_COLLECTED DATA_
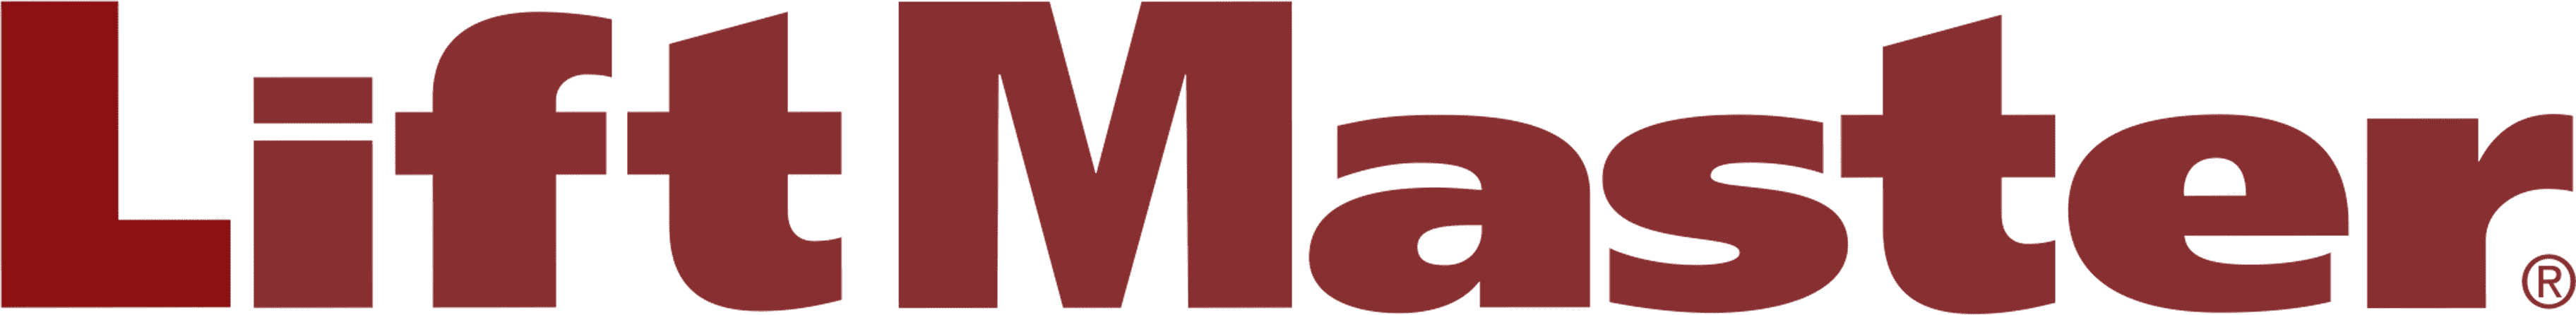 Logo for LiftMaster
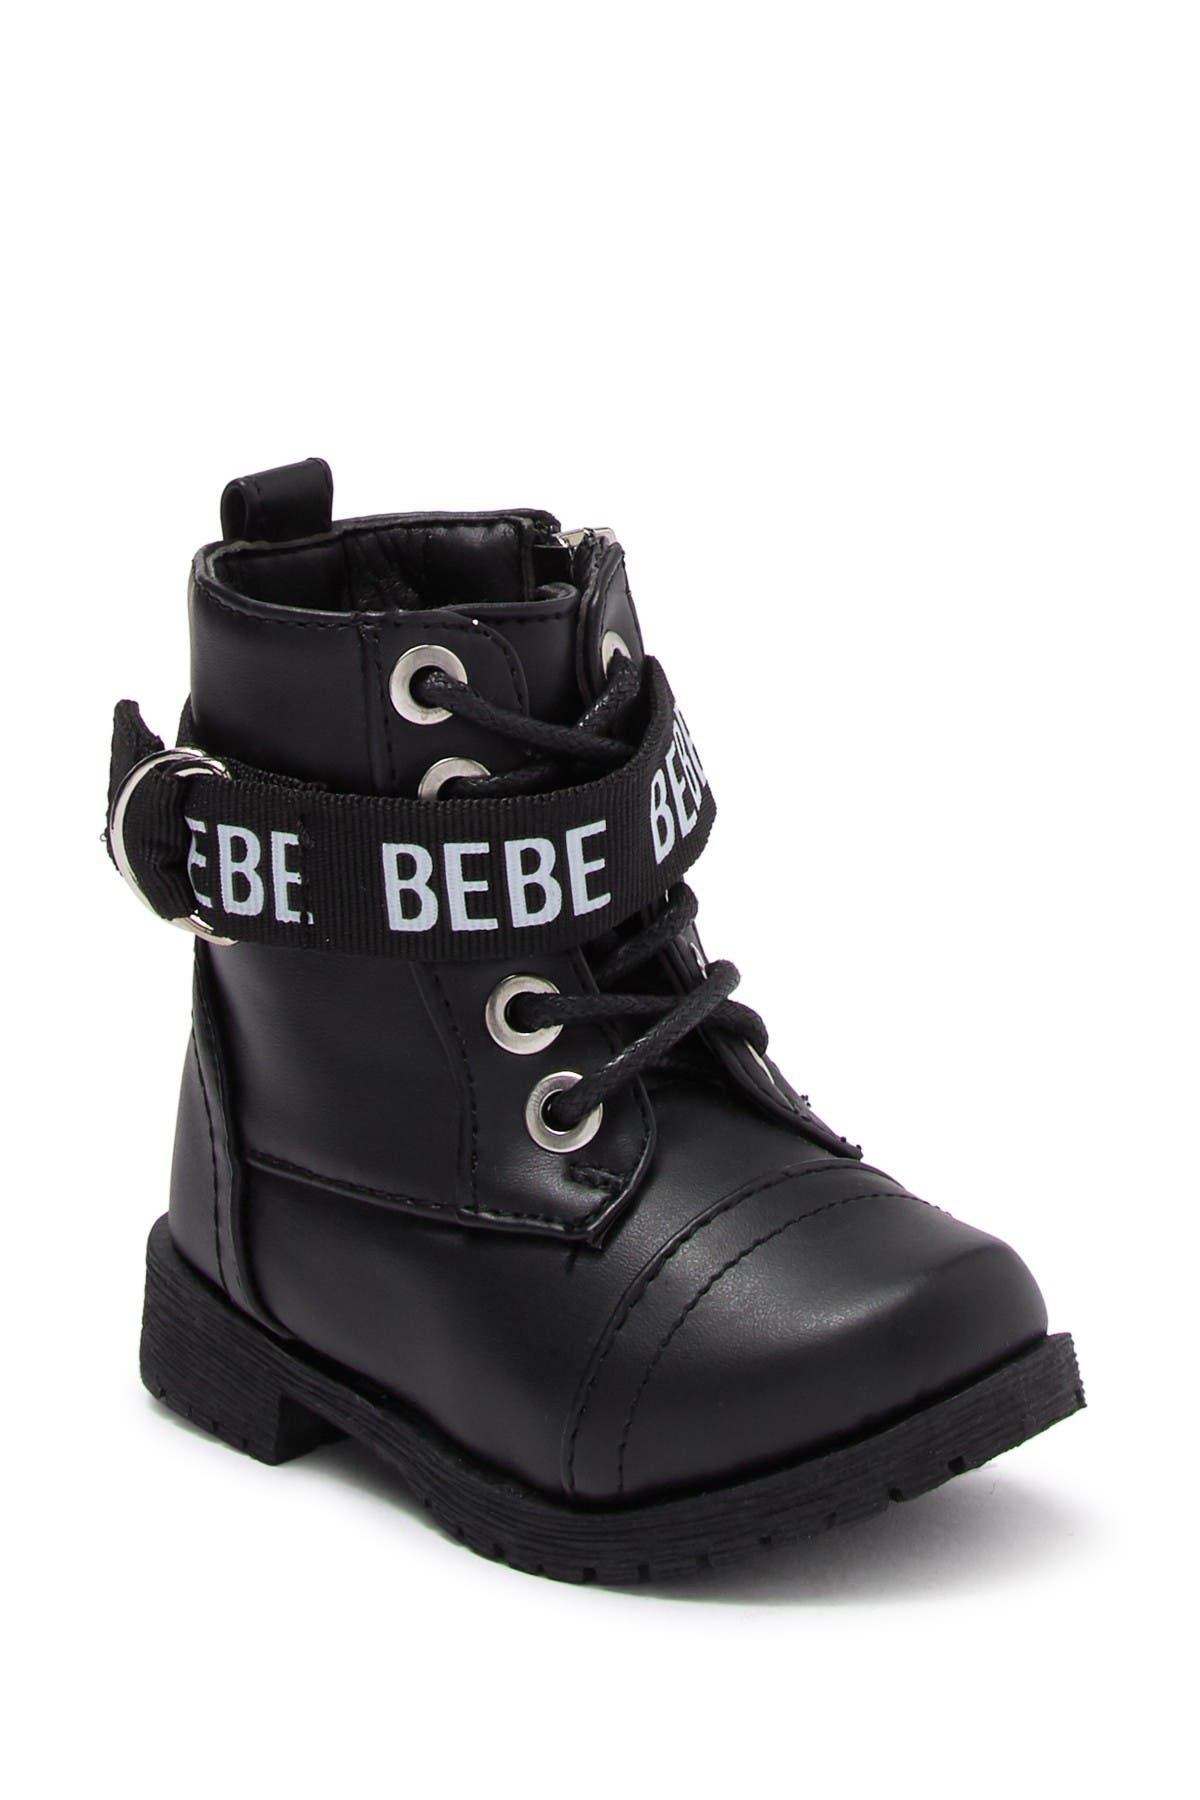 bebe boots
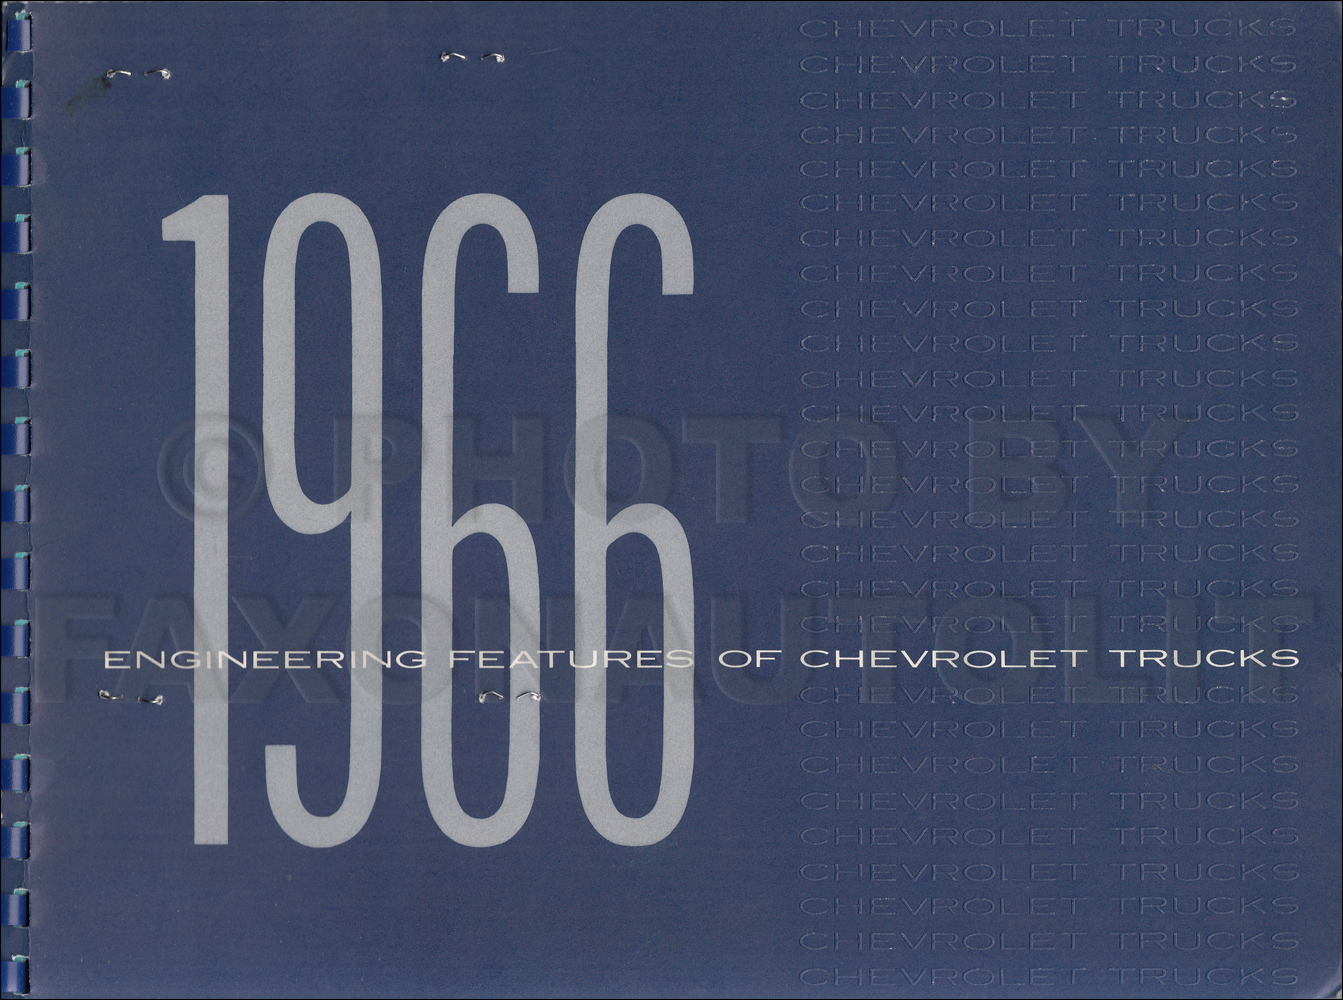 1966 Chevrolet Truck Engineering Features Manual Original
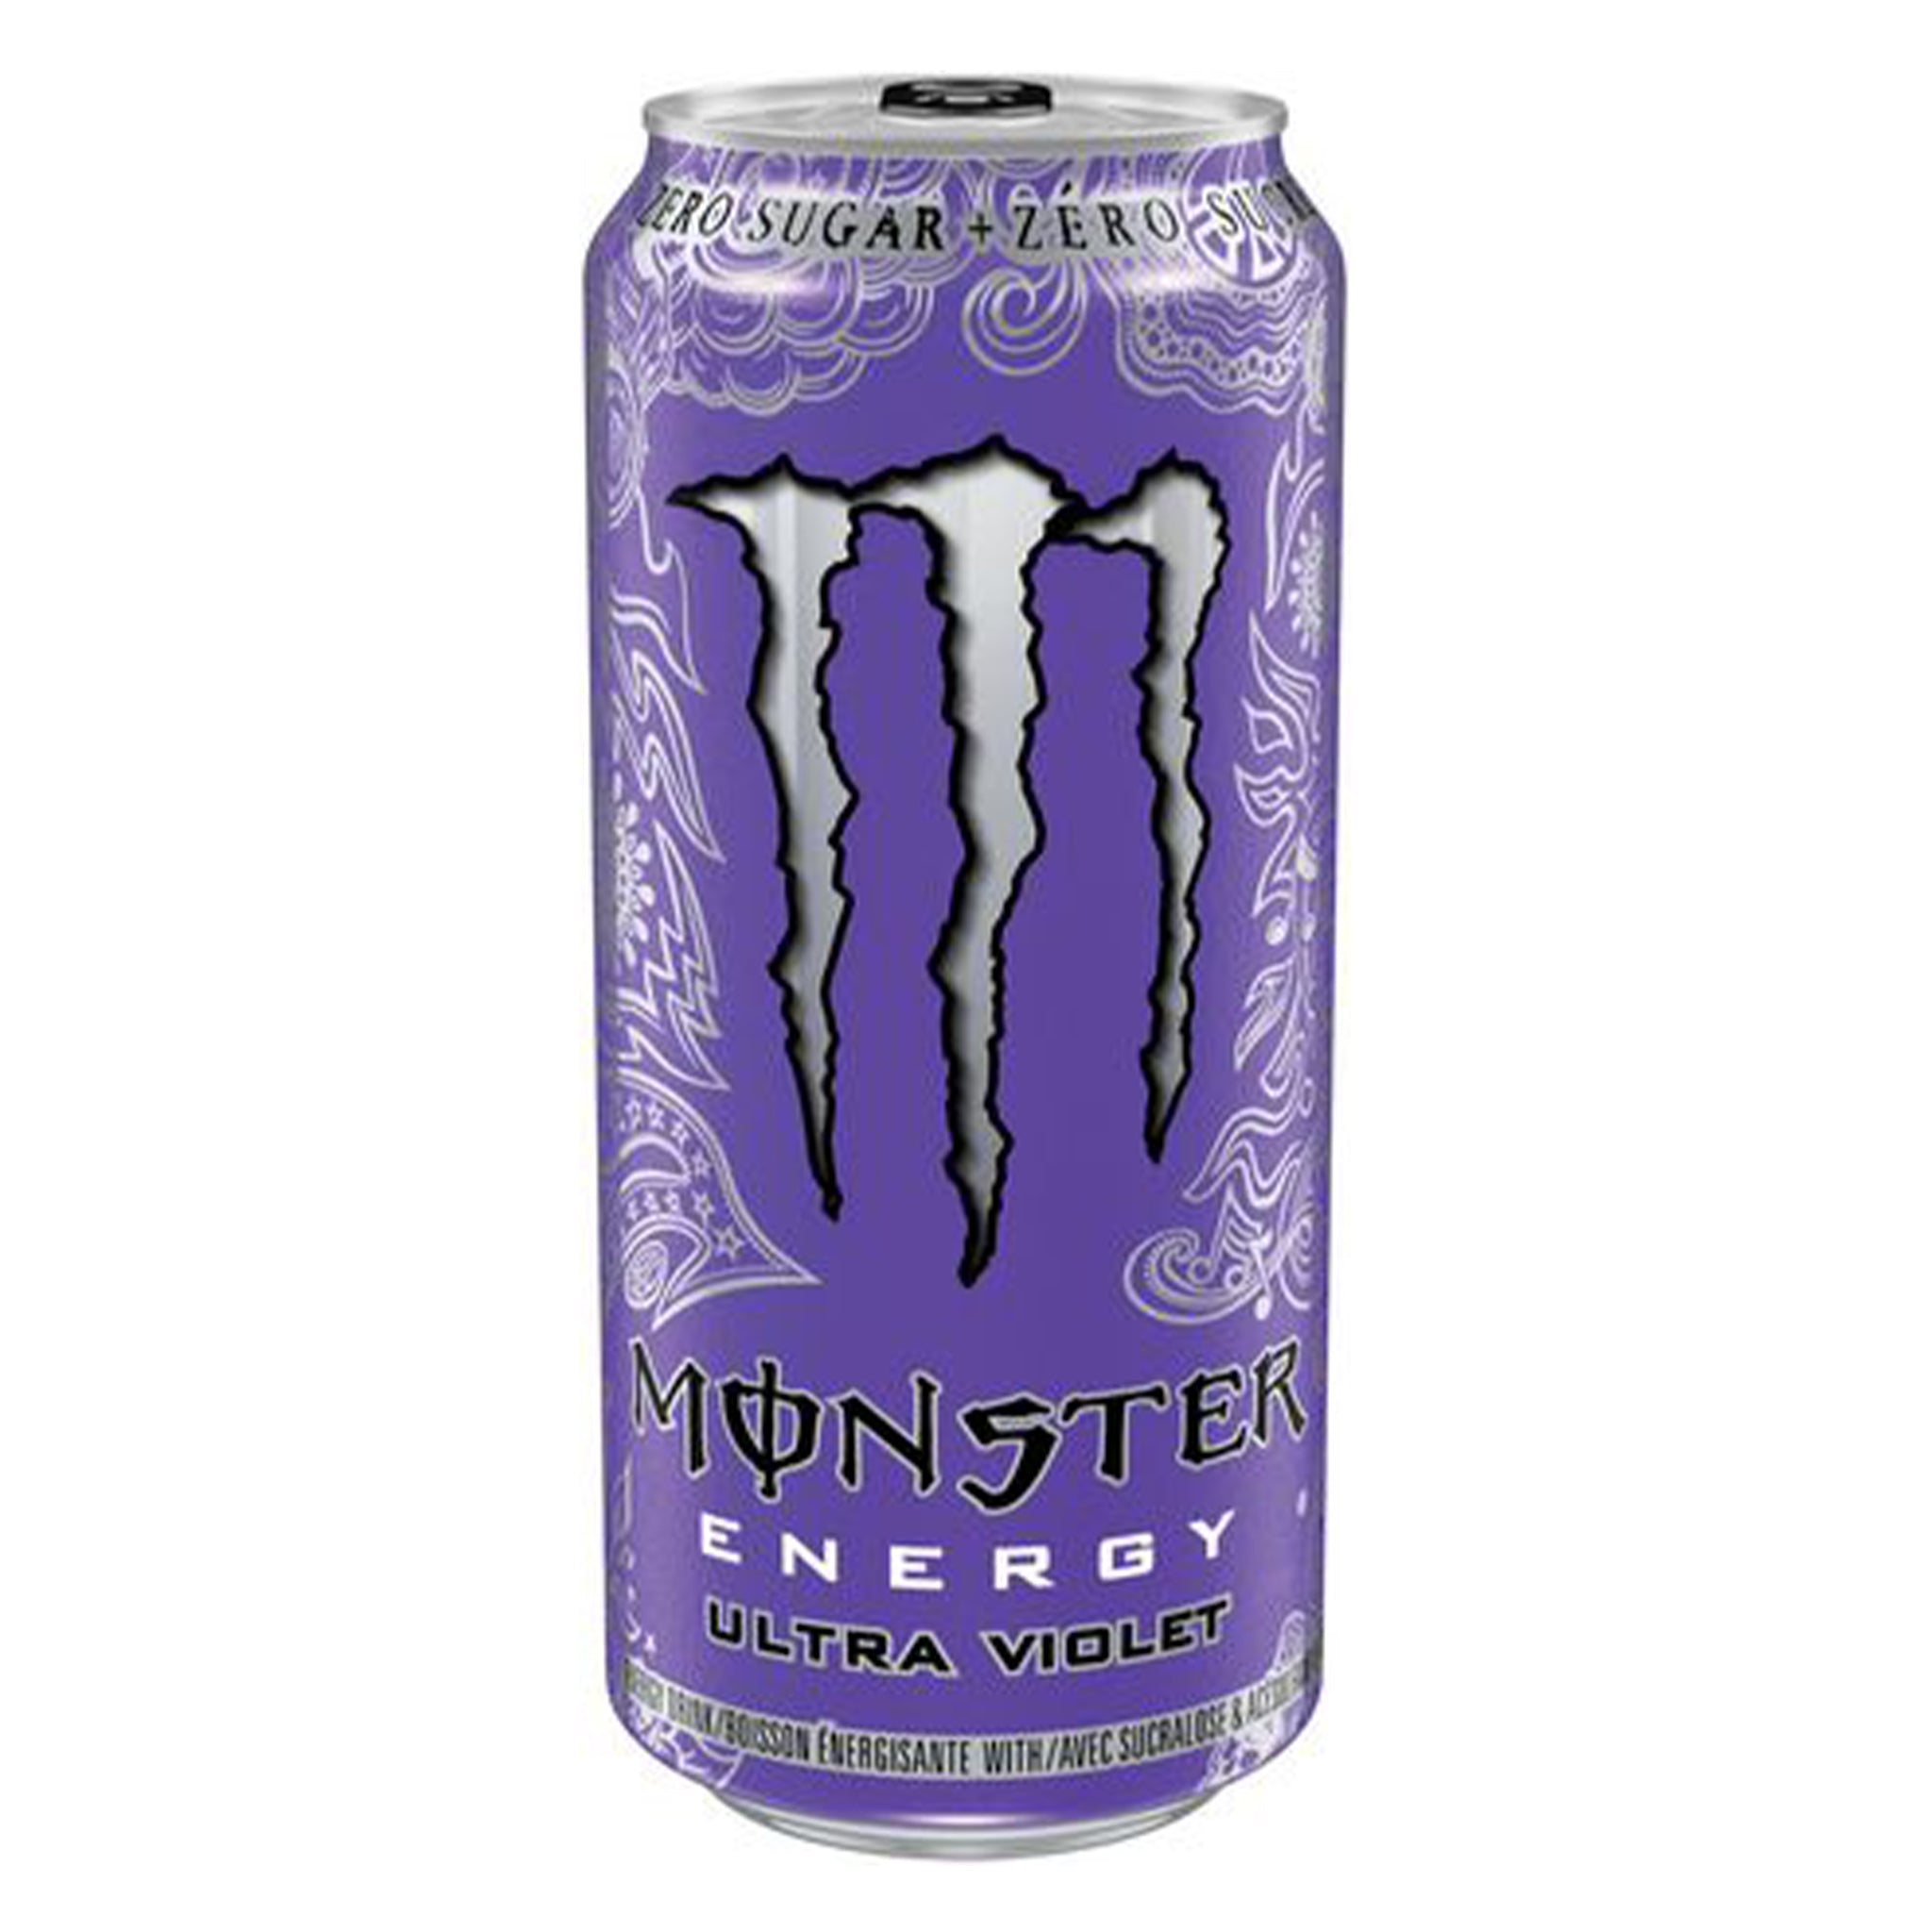 Monster Energy Zero Sugar - Citrus & Grape

_WHAT IS BEING ASKED_
Everything in the material goes into the copy exactly, except the images.

_RESULT OF THIS EXERCISE_
 Logo for LiftMaster
 bebe boots
 1966 Chevrolet Truck Engineering Features Manual Original
 Monster Energy Zero Sugar - Citrus & Grape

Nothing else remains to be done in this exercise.